Member of the Maryland House of Delegates from the Frederick County district
- In office 1868–1872 Serving with Ephraim Albaugh, Joseph Byers, R. P. T. Dutrow, Thomas G. Maynard, Charles F. Wenner, Henry R. Harris, John T. McCreery, J. Alfred Ritter, John B. Thomas, William White
- Preceded by: Henry Baker, Upton Buhrman, Thomas Gorsuch, John L. Linthicum, John R. Rouzer, John A. Steiner
- Succeeded by: Theodore C. Delaplane, Charles W. Miller, Lycurgus N. Phillips, Jonathan Routzahn, Charles F. Rowe

Personal details
- Born: 1830 Middletown Valley, Frederick County, Maryland, U.S.
- Died: August 9, 1904 (aged 73–74) Toledo, Ohio, U.S.
- Resting place: Frederick, Maryland, U.S.
- Party: Democratic
- Education: Dickinson College
- Occupation: Politician; businessman;

= Noah Bowlus =

American politician (1830–1904)

Noah Bowlus (1830 – August 9, 1904) was an American politician from Maryland. He represented Frederick County in the Maryland House of Delegates from 1868 to 1872 and in the Maryland Senate from 1884 to 1888.

==Early life==
Noah Bowlus was born in 1830 in Middletown Valley, Frederick County, Maryland, to David Bowlus. He graduated from Dickinson College in 1855. He was admitted to the bar in 1857.

==Career==
Bowlus was a Democrat. He served as a member of the Maryland House of Delegates, representing Frederick County from 1868 to 1872. He was speaker pro tempore of the house in 1870. In 1872, he ran for Maryland Senate, but lost to Lewis Henry Steiner. He later served in the state senate, representing Frederick County, from 1884 to 1888. After he was senator, he moved to Findlay, Ohio, and then moved to Toledo around 1890 to engage in oil.

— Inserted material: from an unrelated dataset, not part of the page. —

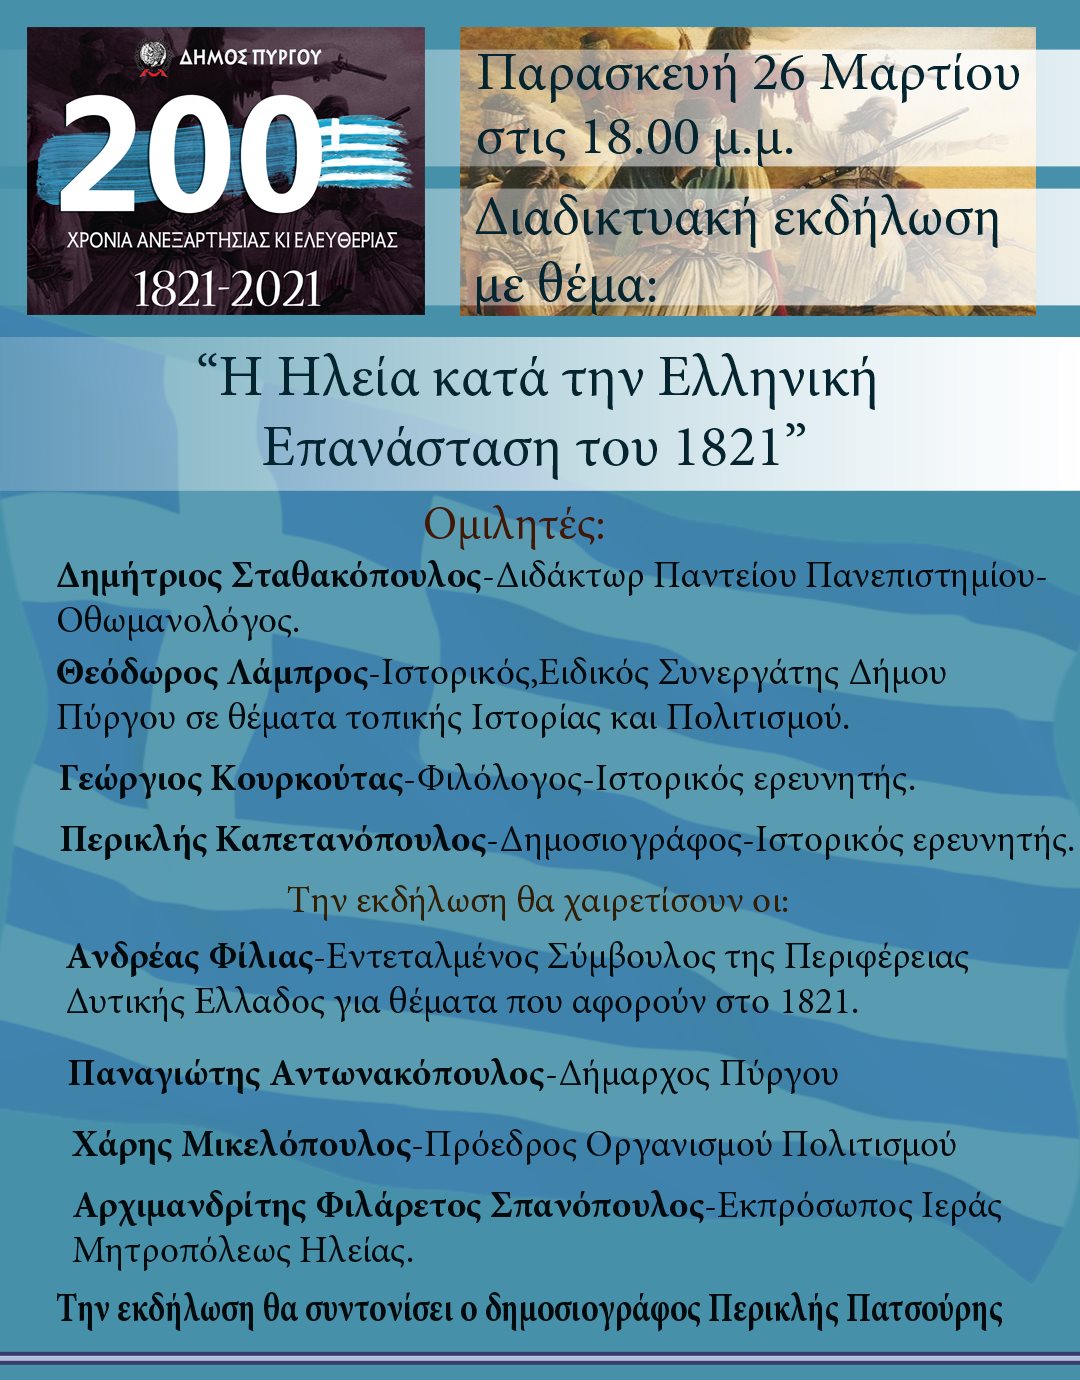 Δήμος Πύργου: Διαδικτυακή εκδήλωση με θέμα « «Η Ηλεία κατά την Ελληνική Επανάσταση του 1821» την Παρασκευή 26/3, με αφορμή την 200η επέτειο από το 1821

Bowlus was connected with the Middletown Carriage Works. He owned property in Ohio, oil interests in Virginia and property in Middletown, Maryland.

==Personal life==
Bowlus did not marry. He enjoyed yachting and was elected as president of the Toledo Yacht Club twice.

Bowlus lived at 1317 Adams Street in Toledo with Mrs. Julia A. Bayless. He died from nephritis on August 9, 1904, at his home in Toledo. He was interred in Frederick, Maryland.